Não havia voltado ali para ouvir desculpas. Nem para brigar. Voltou para colocar um ponto final.
— Bom dia, Carlos. Pode entregar isso ao Sr. Salles? — disse, colocando o envelope em cima da mesa dele.
Carlos a olhou com pesar.
— Você tem certeza disso, Renata? Ele...
— Tenho. Ele me julgou. Me humilhou. E agora que descobriu a verdade... se esconde atrás do orgulho. Eu não trabalho pra alguém assim.
Carlos assentiu, sem discutir. Ela virou-se para sair. Mas Leonardo já vinha em sua direção no corredor.
Leonardo a viu. Parou. Os dois ficaram frente a frente por longos segundos.
— Você veio se despedir? — ele perguntou, frio.
— Não. Vim me libertar.
— Você não é de desistir fácil.
— Não estou desistindo. Estou me respeitando.
Ela tentou passar, mas ele a segurou pelo braço — firme, sem machucar.
— Você está com raiva. Mas um dia vai entender que aqui... nesse mundo, as emoções não têm espaço.
— Mas eu não quero viver num mundo onde sentir é proibido.
Os olhos deles se encontraram. Havia algo quebrado nele. E algo ferido nela.
— Adeus, Leonardo.
Ela saiu.
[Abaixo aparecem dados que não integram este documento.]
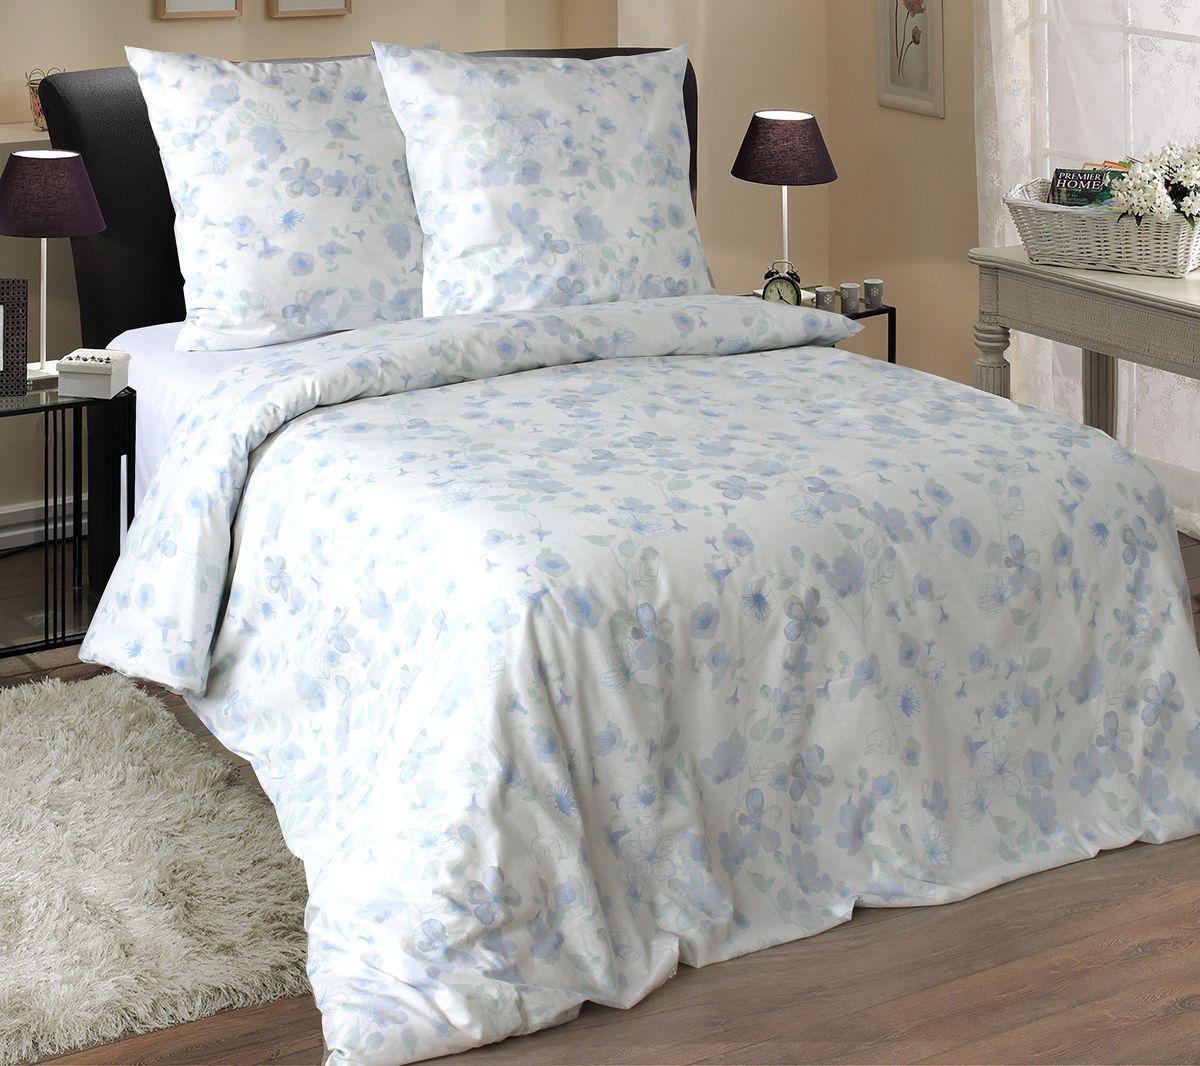 Комплект белья Коллекция Эмили, 2-спальный, наволочки 50x70. БК2/50/ОЗ/эмиБК2/50/ОЗ/эми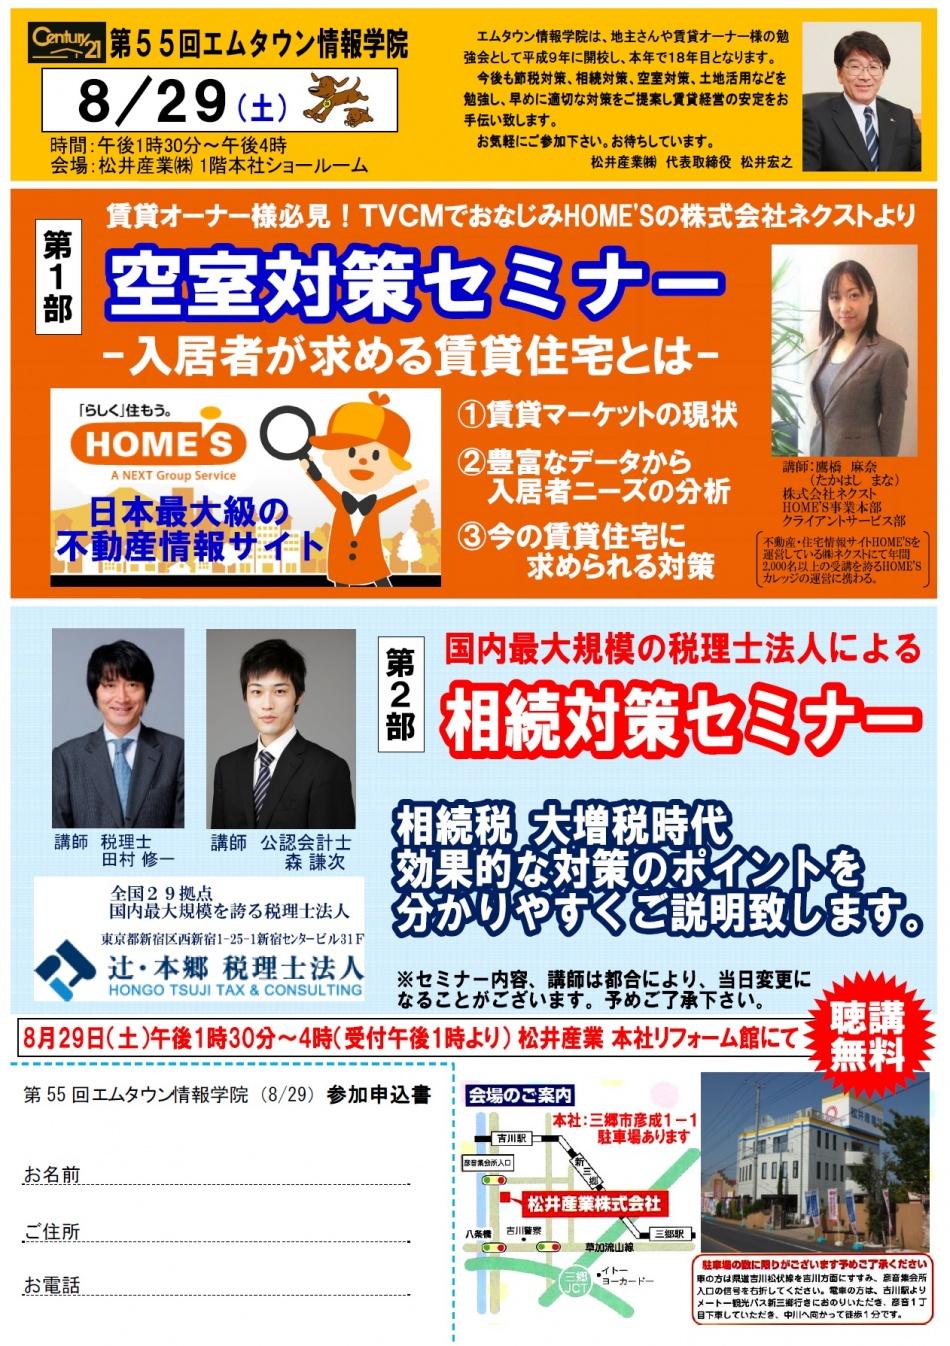 【空室相続対策セミナー】松井産業エムタウン情報学院

E ele ficou parado, com o envelope na mão, sem coragem de abrir.
Renata voltou ao pequeno apartamento. Beatriz a esperava com um pote de sorvete e a cara de quem sabia o que estava por vir.
— Então acabou?
— Por enquanto.
— Ele não vai deixar você ir assim.
— Se ele vier atrás... vai ser tarde demais.
Na casa de Leonardo...
Leonardo abriu o envelope.
“Carta de demissão – Renata Vasconcelos”
Mas havia um bilhete preso com um clipe:
“Talvez, um dia, você aprenda que confiança se constrói. Não se impõe. Boa sorte com seus números. Renata.”
Ele releu o bilhete várias vezes.
E pela primeira vez... sentiu um vazio que nem o dinheiro, nem o poder, nem os muros que construiu ao redor de si conseguiam preencher.